The Truckers dove right into the proceedings with Cooley’s “Made Up English Oceans” before moving on to some of the new album’s darker material with “Rosemary with a Bible and a Gun,” “Slow Ride Argument” and “Heroin Again”—each track direct with its subject matter, and like the best Drive-By Truckers songs, acts as uncomfortable but necessary ice breakers and hard pills to swallow. But while we’re mentioning the band’s need to shake up things lyrically, we should also discuss how hard they rock. No matter your political affiliation, you cannot deny the power of this band’s three-guitar assault of Hood, Cooley and multi-instrumentalist Jay Gonzalez, the surplus of riffs surrounding the messages being conveyed.

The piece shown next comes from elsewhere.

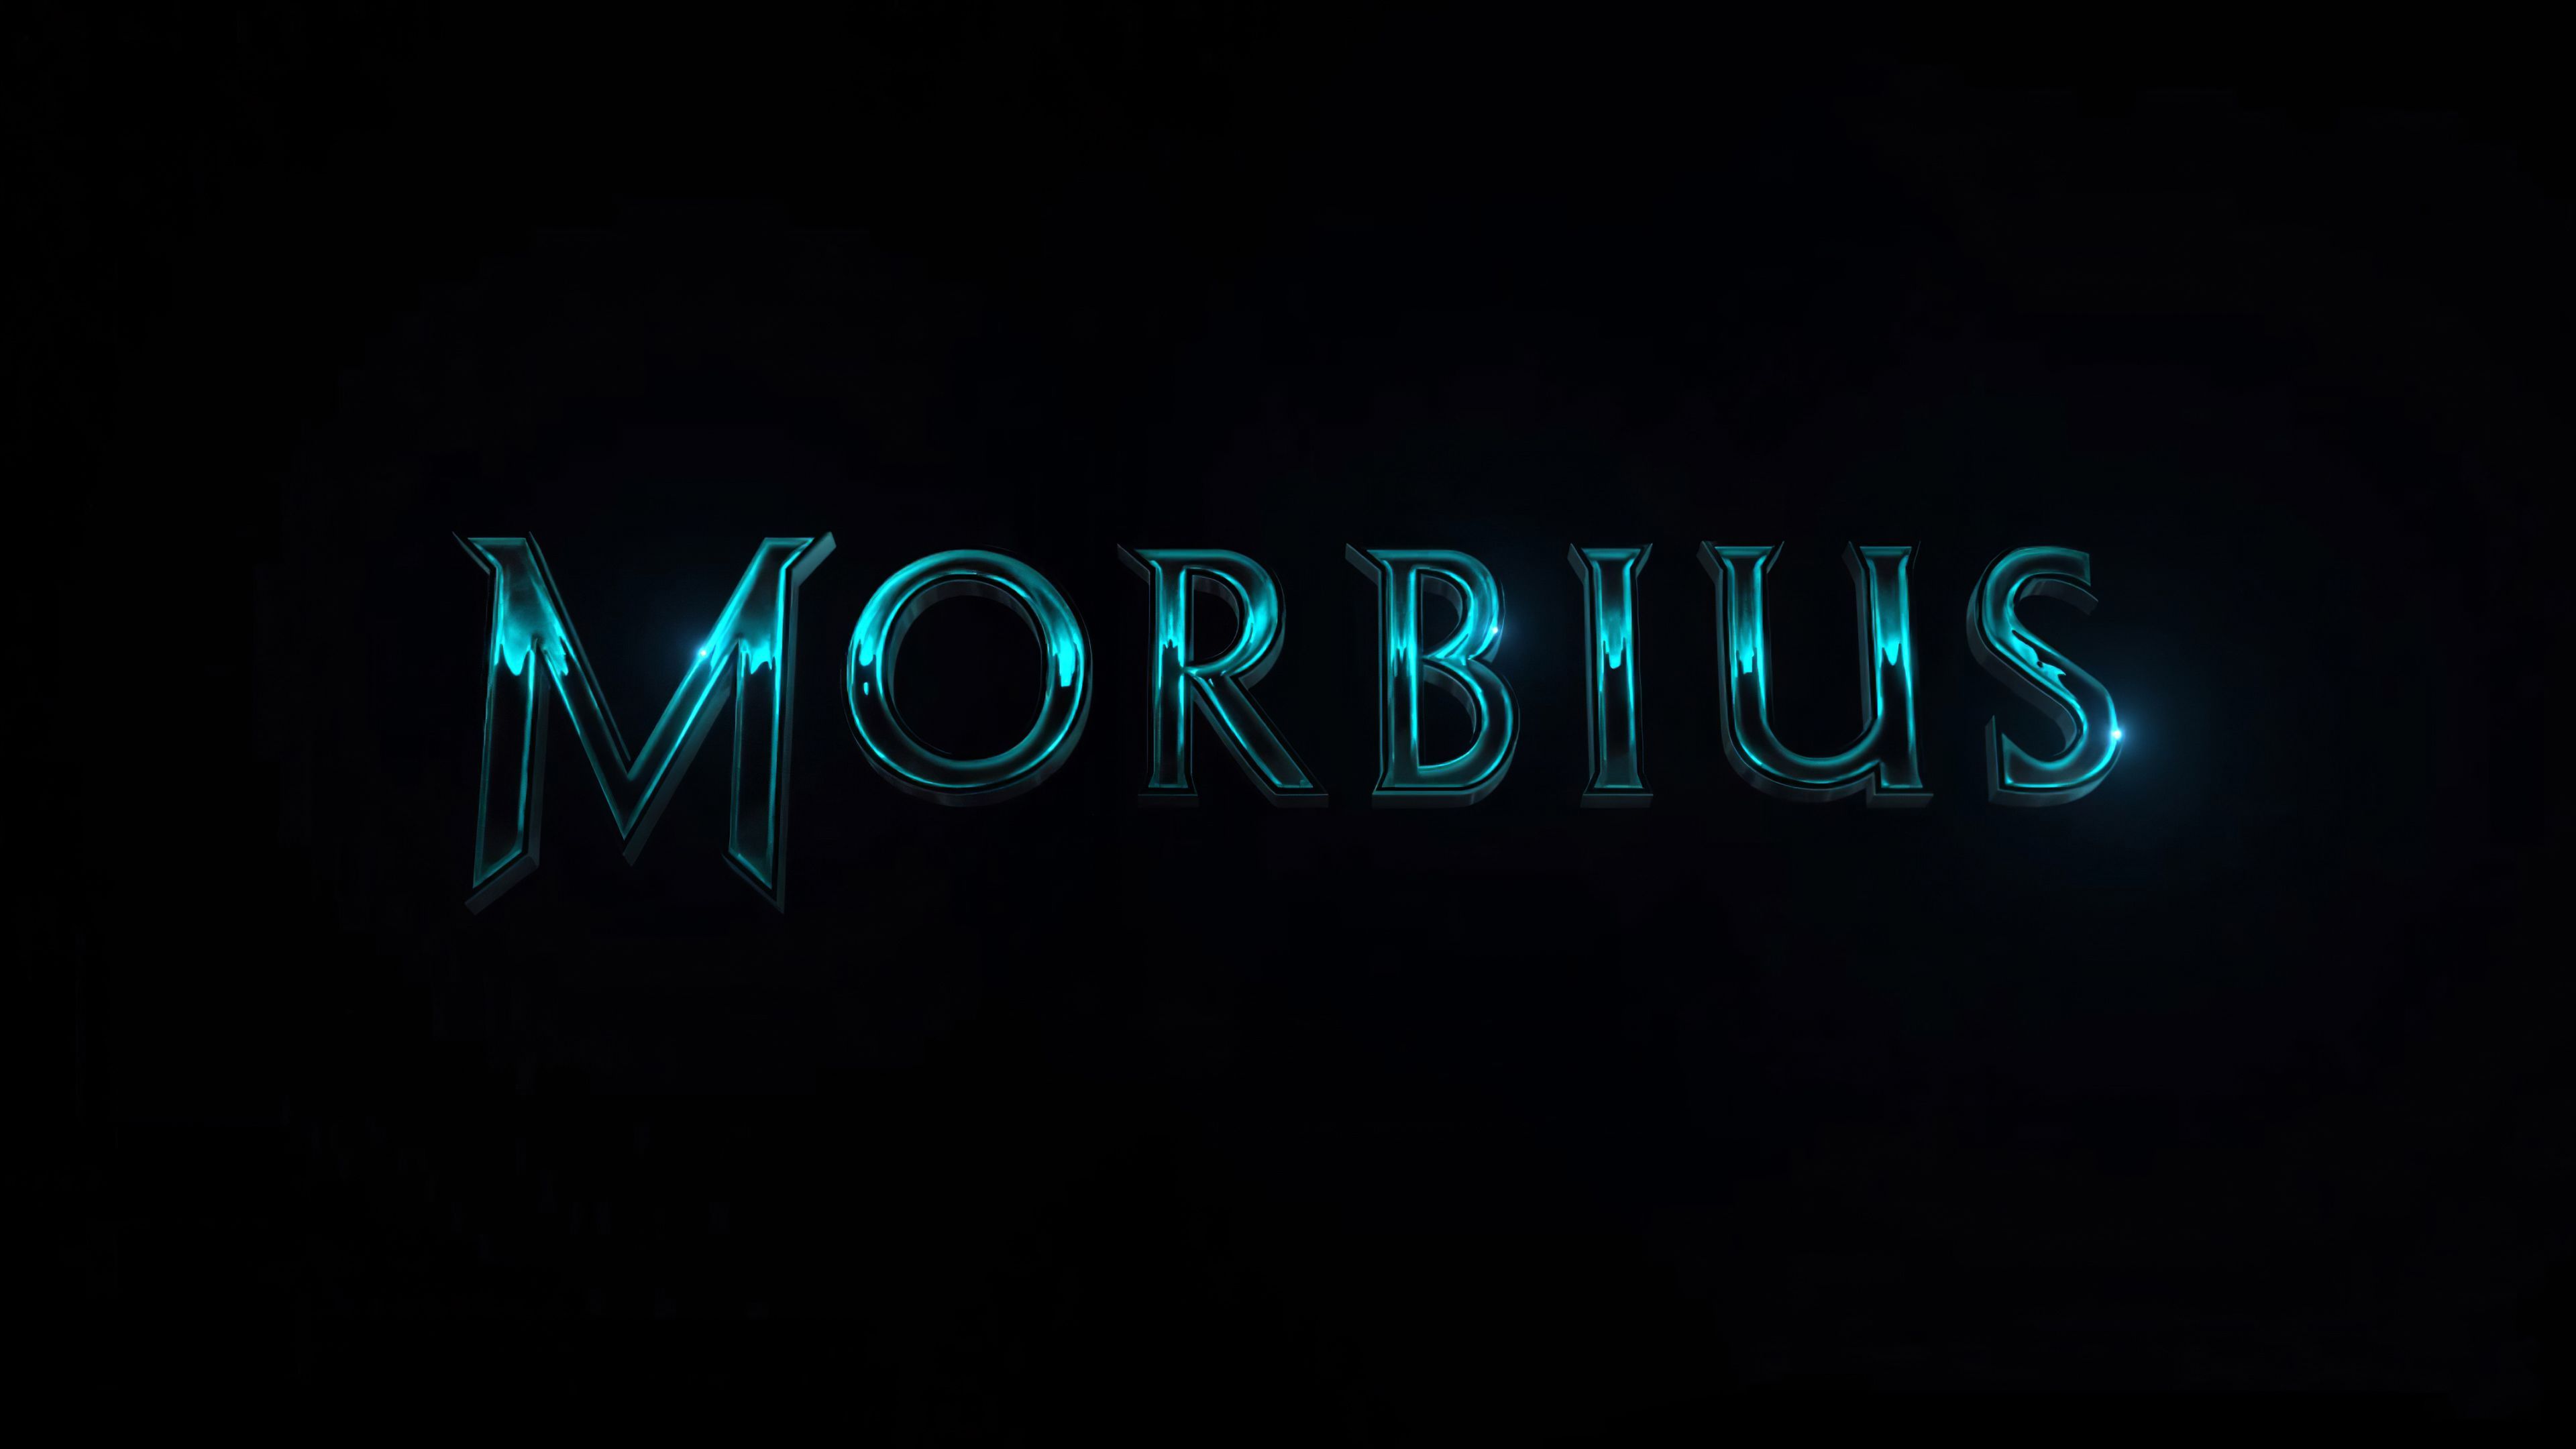 Morbius 2020 Logo Morbius 2020 Logo wallpaper 4k, Morbius 2020 Logo 4k. Screenplay writer, Sony movies, Marvel entertainment

While Friday’s performance showcased much of The Unraveling, Drive-By Truckers dug deep with some of their most beloved songs, one of the three best Cooley-penned tunes, “Women Without Whiskey,” an early set highlight, before the one-two punch of Southern Rock Opera’s first two numbers, “Days of Graduation” into a particularly raucous rendition of “Ronnie and Neil.” There were only a few moments of preaching from Hood during the marathon-length show, the songs doing the actual sermonizing, but ahead of “Babies in Cages,” he mentioned that Jeremy Christian, who had stabbed multiple people (one of whom Hood loosely knew) on a train in Portland, Ore., was sentenced earlier in the day, and that although he was happy this horrible person was getting the time he deserved, Hood hoped Christian lived long enough to understand the error of his ways.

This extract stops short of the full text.